▶ Assigned task
Copy each line below exactly and leave the pictures out.

▶ Supplied data
******************************

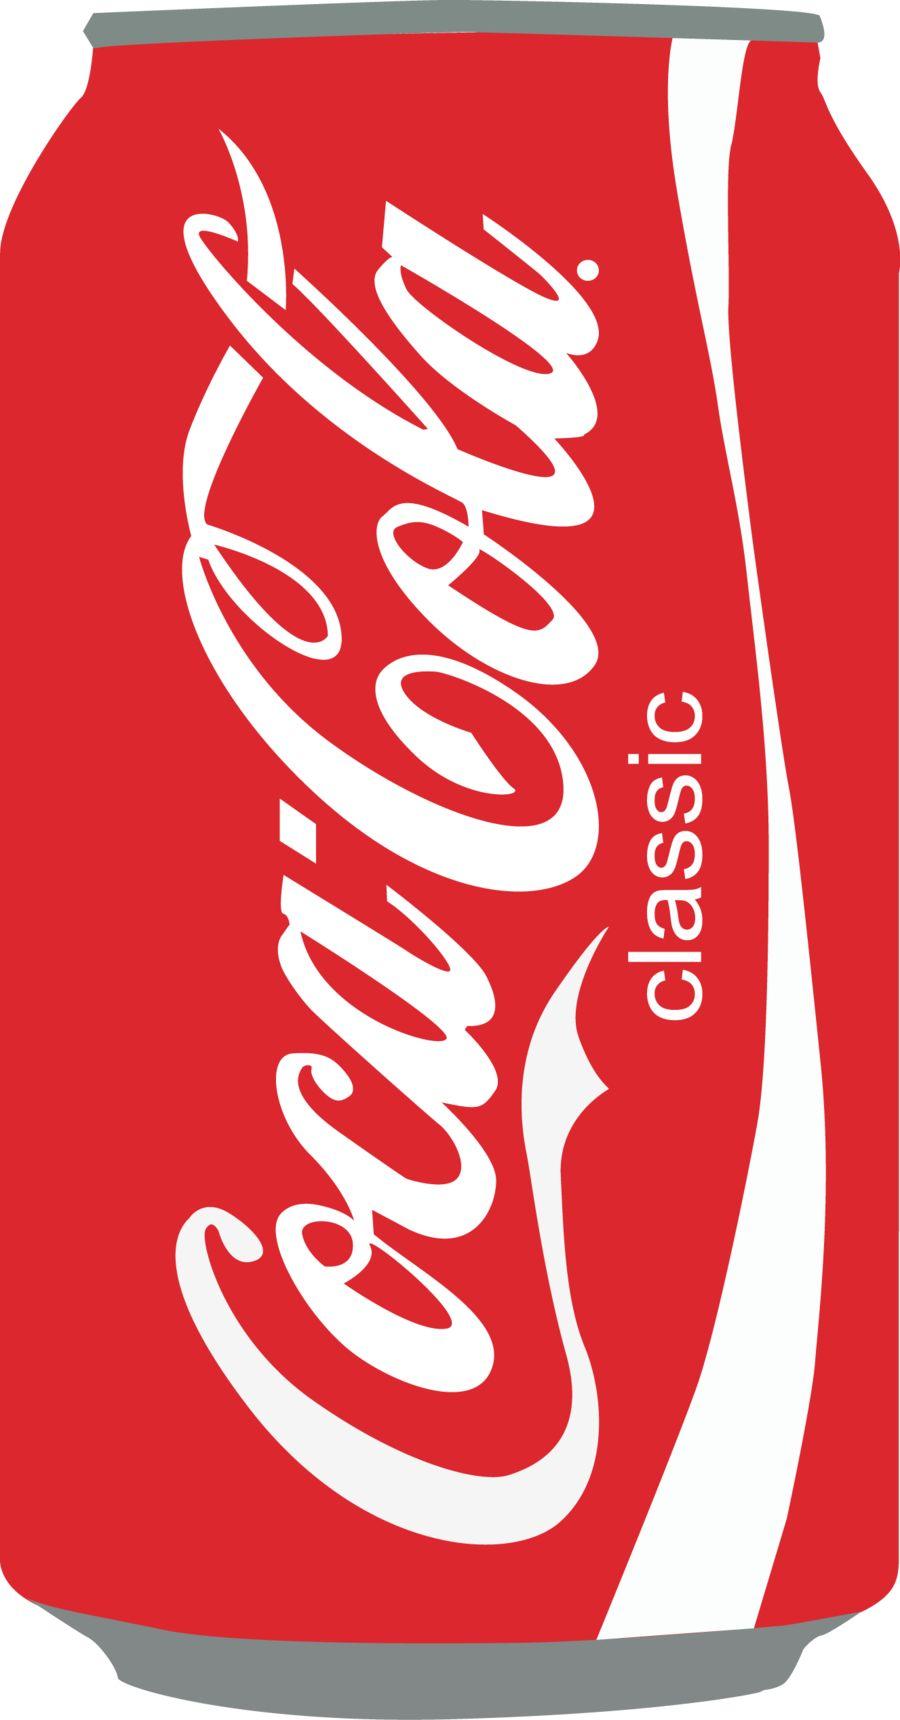 Coke art. Awesome Art. Coke, Coca Cola and Cola
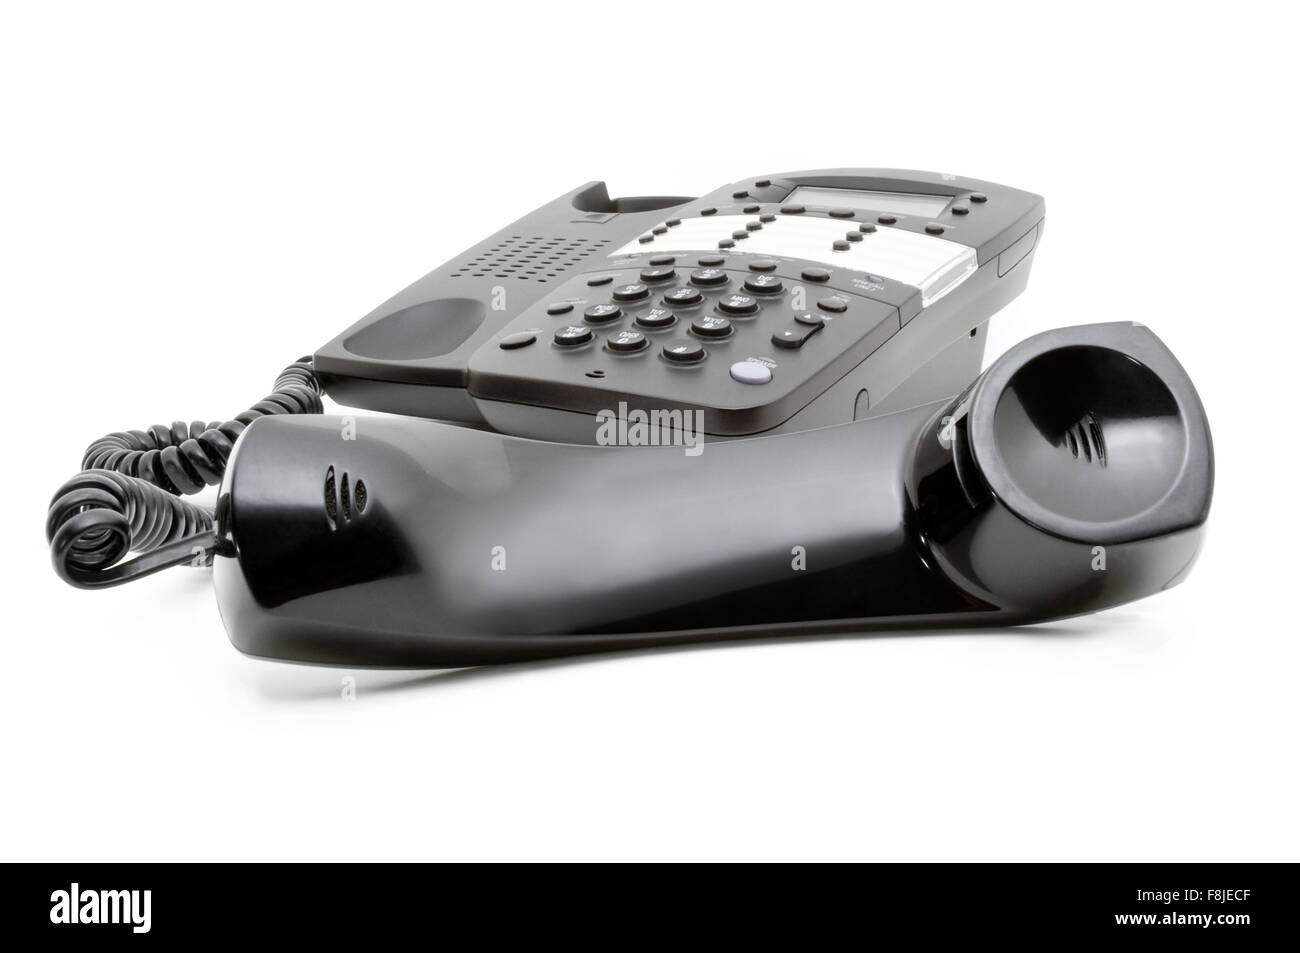 Black business phone avec le récepteur off the hook cut out isolé sur un fond blanc avec personne Banque D'Images
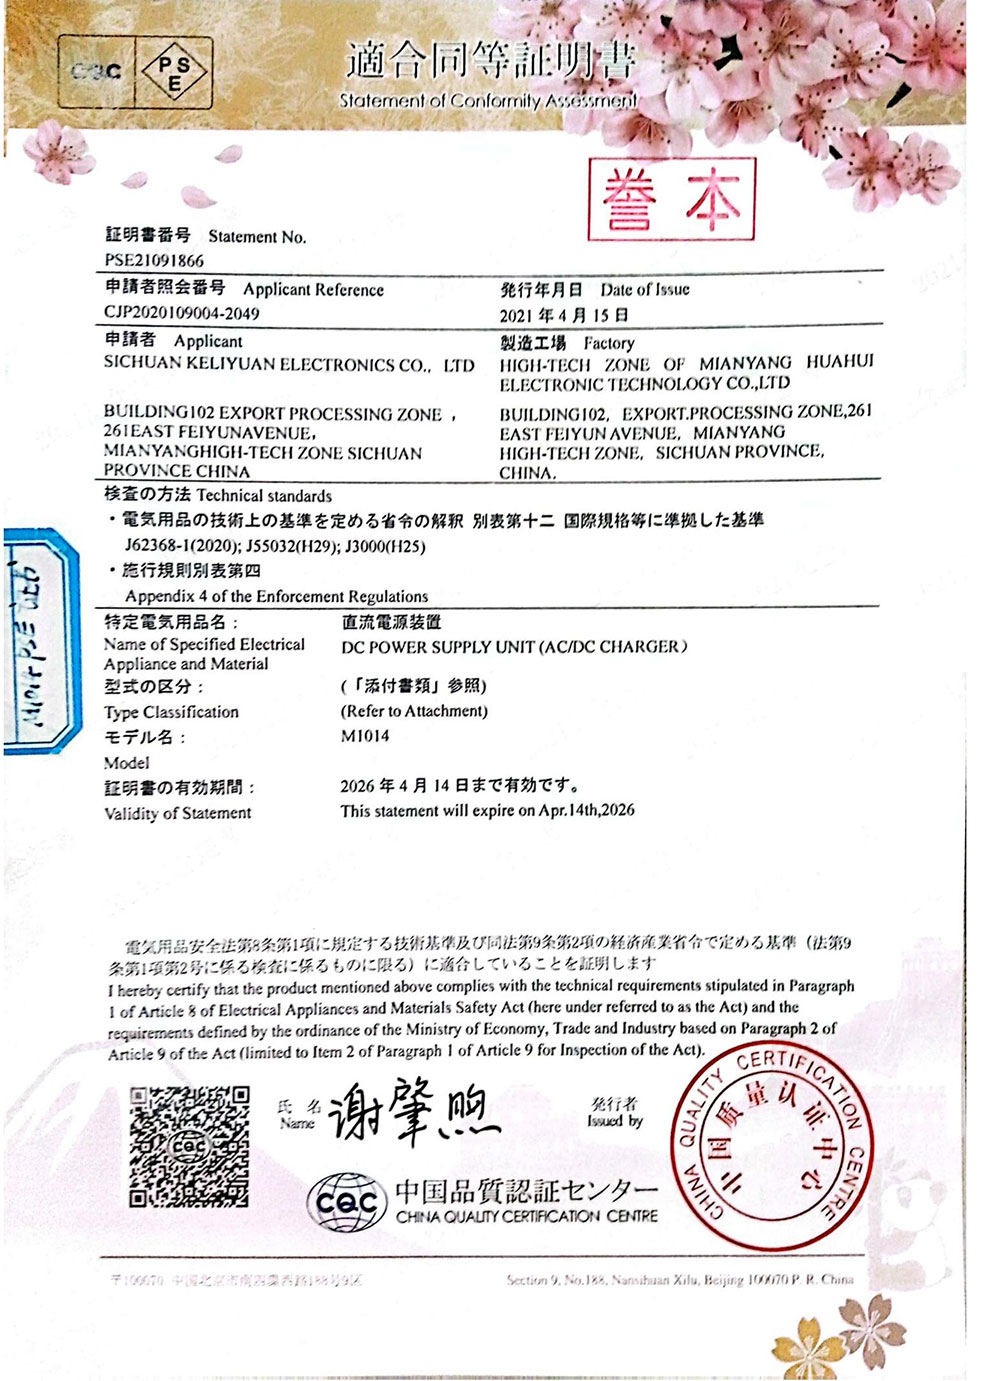 PSE-Certificate_1_00

******************************

▶ Result of this exercise
 Coke art. Awesome Art. Coke, Coca Cola and Cola
 Black business phone avec le récepteur off the hook cut out isolé sur un fond blanc avec personne Banque D'Images
 PSE-Certificate_1_00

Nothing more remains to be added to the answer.